Josh Technology Group Interview Experience for SD (On-Campus)
Online Selection Test: This comprised of two phases. Both of which were on the same day.
- Phase 1 (Online Objective round): Set of 50 simple MCQs on C++, aptitude, and logical. Only those who cleared the objective round were allowed to sit for the subjective round.
- Phase 2 (Online Subjective round): In this round, we had to write the whole program along with appropriate comments. The code should contain explanations wherever required. Many students who wrote the correct code and passed all test cases were not shortlisted because they forgot to write the comments. You could even include some edge cases in the comments and how they are being handled.
Technical Rounds: The majority of questions were asked on trees and linked lists. (and a little bit of DP).

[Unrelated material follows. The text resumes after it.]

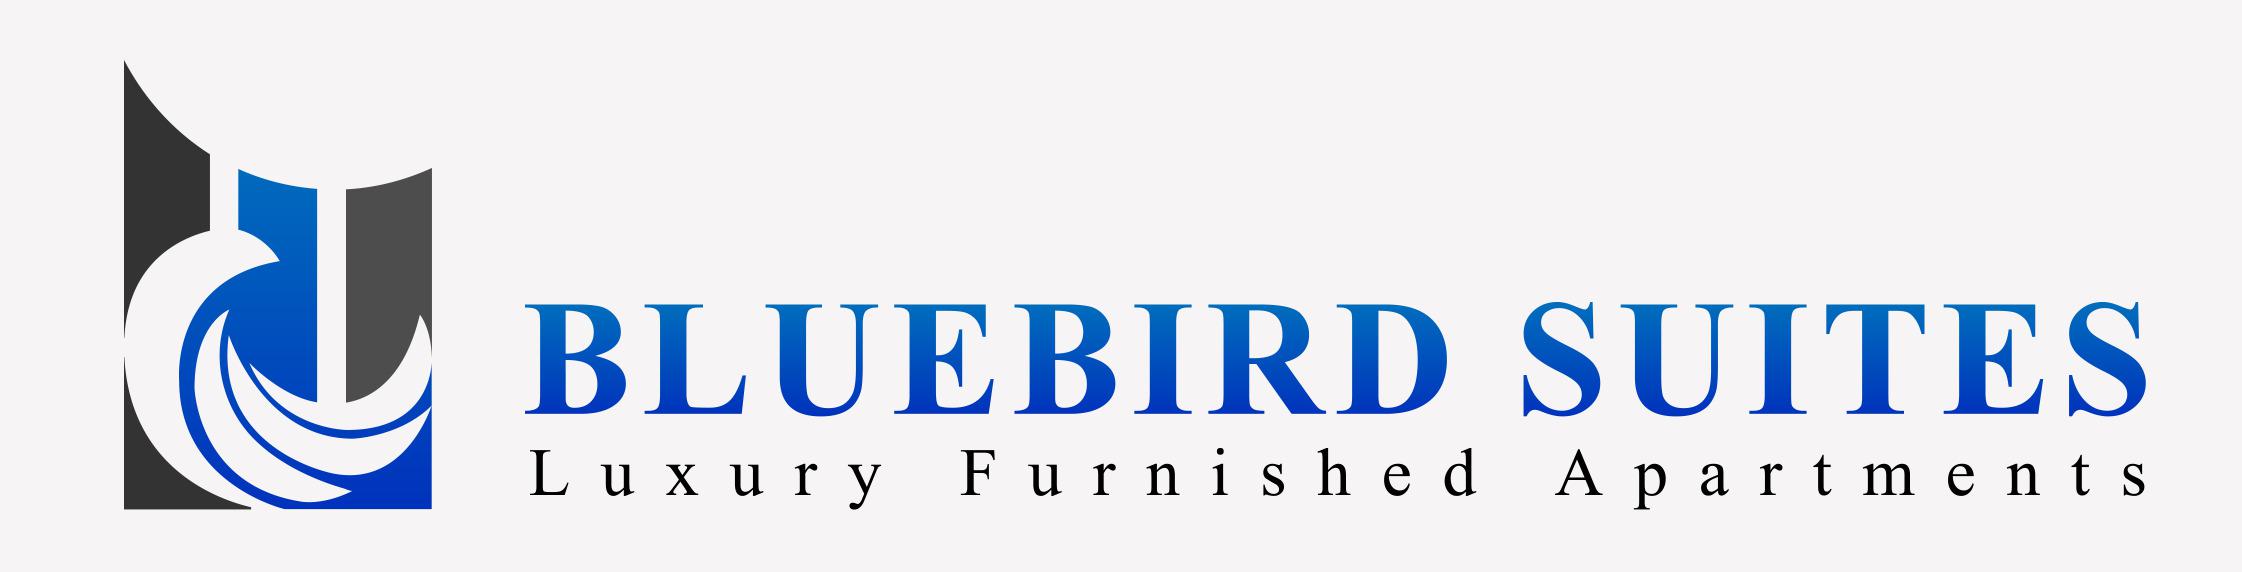 Bluebird Suites

There was a total of 3 technical rounds followed by an HR Round. In each technical round, we were asked 2 questions. Sometimes if the candidate is unable to come up with the solution to any of the problems then another question is added (depends on the interviewer’s mood). Technical round 1 and 2 held on the same day while 3rd round was after a week.
Technical Round 1:
Technical Round 2:
- Maximum sum of elements in array such that no two elements are adjacent to each other.
- Re-arrange the linked list such that first node=firstnode-last node, second node=second node-2nd last node.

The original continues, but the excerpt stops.